King's Landing was a massive, sprawling city of thousands. Many Lannister men had used that to their advantage, discarding their weapons and armor for stolen or stripped civilian garb once it was clear the day was lost. There were dozens throughout the city, Aelor knew, but there wasn't anything he could do about it. He was much more concerned with the fortress inside a fortress Tywin Lannister and his retainers had made of the Great Sept of Baelor.
The Ruthless lion had realized rather quickly that his men were too disorganized and focused on pillaging to throw Aelor and his attackers back. Instead, the Lord of Casterly Rock had rallied close to seven hundred of his men, stripped the Street of Steel for all the weapons they could carry, and pulled back to the top of Visenya's Hill. He'd charged the Mud Gate, being thrown back by infantry under Lord Cleyton Byrch, but it was soon discovered that it had been a diversion. Fishmongers Square, a maze of a market selling everything from wine to animals located just inside the Mud Gate, had been picked clean of food and drink.
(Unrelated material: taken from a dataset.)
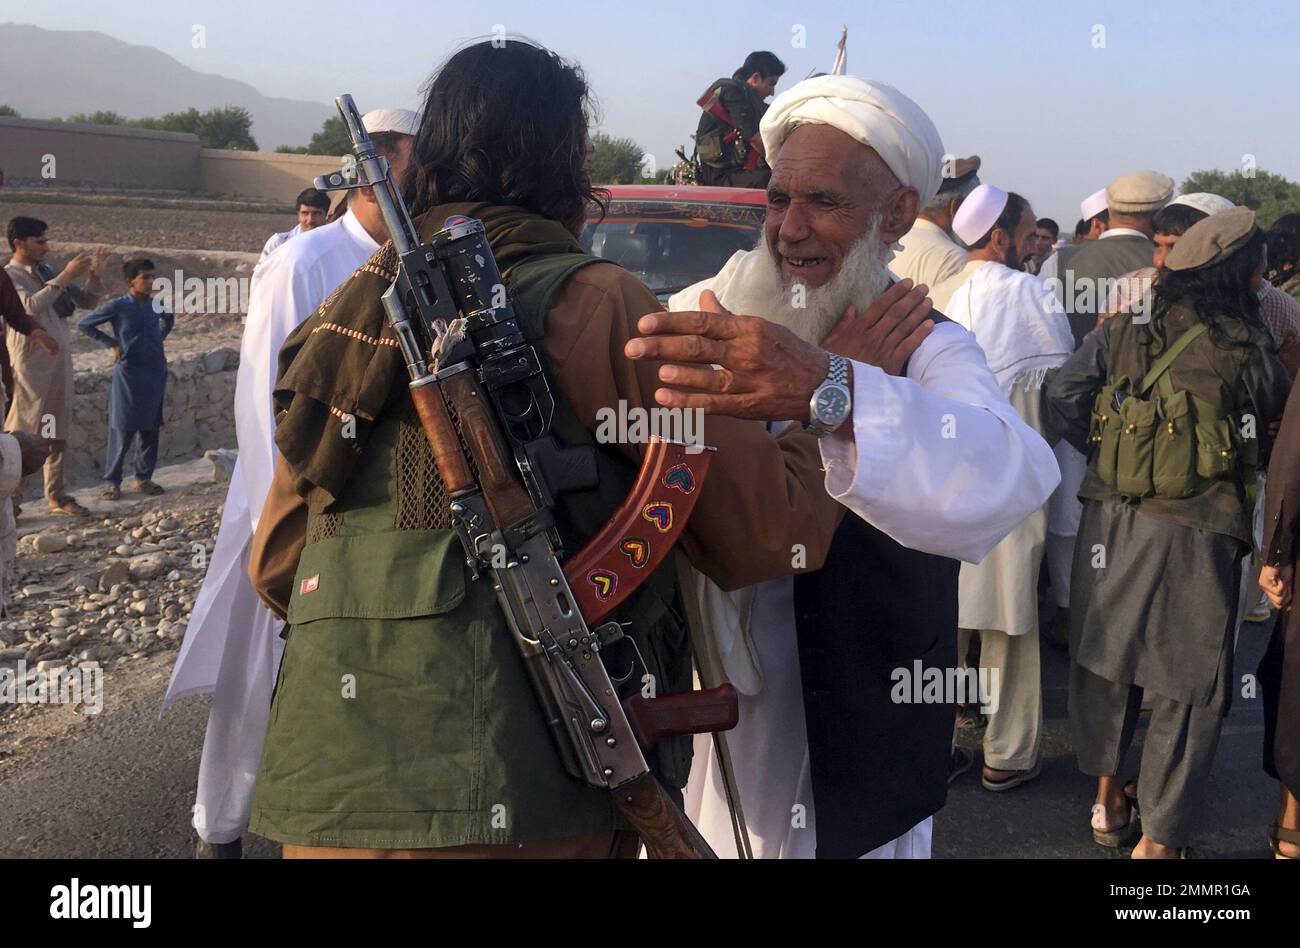 FILE - In this June 16, 2018 file photo, Taliban fighters gather with residents to celebrate a three-day cease fire marking the Islamic holiday of Eid al-Fitr, in Nangarhar province, east of Kabul, Afghanistan. On Sunday, Aug. 19, 2018, Afghan President Ashraf Ghani announced a conditional cease-fire with Taliban insurgents for the duration of the Eid al-Adha holiday. Ghani made the announcement Sunday during celebrations of the 99th anniversary of Afghanistan's independence. (AP Photo/Rahmat Gul, File) Foto Stock

The bakeries along the Street of Flour were also barren, the Lions using the chaos to carry as many rations as they could to the home of the High Septon.
They'd even had the audacity to hoist a roaring lion banner over the sept. The sight of it nearly drove Aelor back into his battlerage.
"Strong shield," Renfred Rykker greeted his old friend and his squire, clasping forearms with Aelor once he'd dismounted Warrior. The Lord of Hollard Hall had taken an arrow to the shoulder during the attack but had rode on as if it wasn't there. Even now he paid no mind to the bandages wrapped around the wound, face showing not an ounce of discomfort. "You look like hell."
"Stronger sword," Aelor responded as Alaric took Warrior and his own horse towards the temporary stable. "You look worse." It wasn't true of course; Aelor's eye was a red gash and he had a knot on his head from where he'd slammed into the wall of Aegon's nursery. However bad he looked he felt even worse; his body was terribly sore from head to toe, and it had taken all he had to dismount Warrior.
"How's the face feel? It looks like it will make for an impressive scar."
"It hurts. How's the arm?"
Renfred grinned. "I don't feel a thing."
Aelor raised a skeptical eyebrow even as he brushed by Rykker into the abandoned blacksmith shop they were using as a temporary headquarters. "Really? Then why are you favoring it like a child with scrape. I've seen Rhaenys handle injuries better."
Aelor stepped into the simple, one story building that still smelled of steel and the fire of billows even after the Lannisters had cleaned it out. A table of rough wooden planks had been moved in as well as chairs of all different makes, a ramshackle headquarters if ever there was one. Several lords were huddled around it, a map of King's Landing in front of them. Flags, red for Lannister and black for Targaryen, showed the positions of men in the city. There were a few other Lion holdouts, one at the Dragonpit and another on the Street of Silk, but those were minor and being methodically overrun. Tywin was the one that mattered, so it was to Tywin Aelor had gone.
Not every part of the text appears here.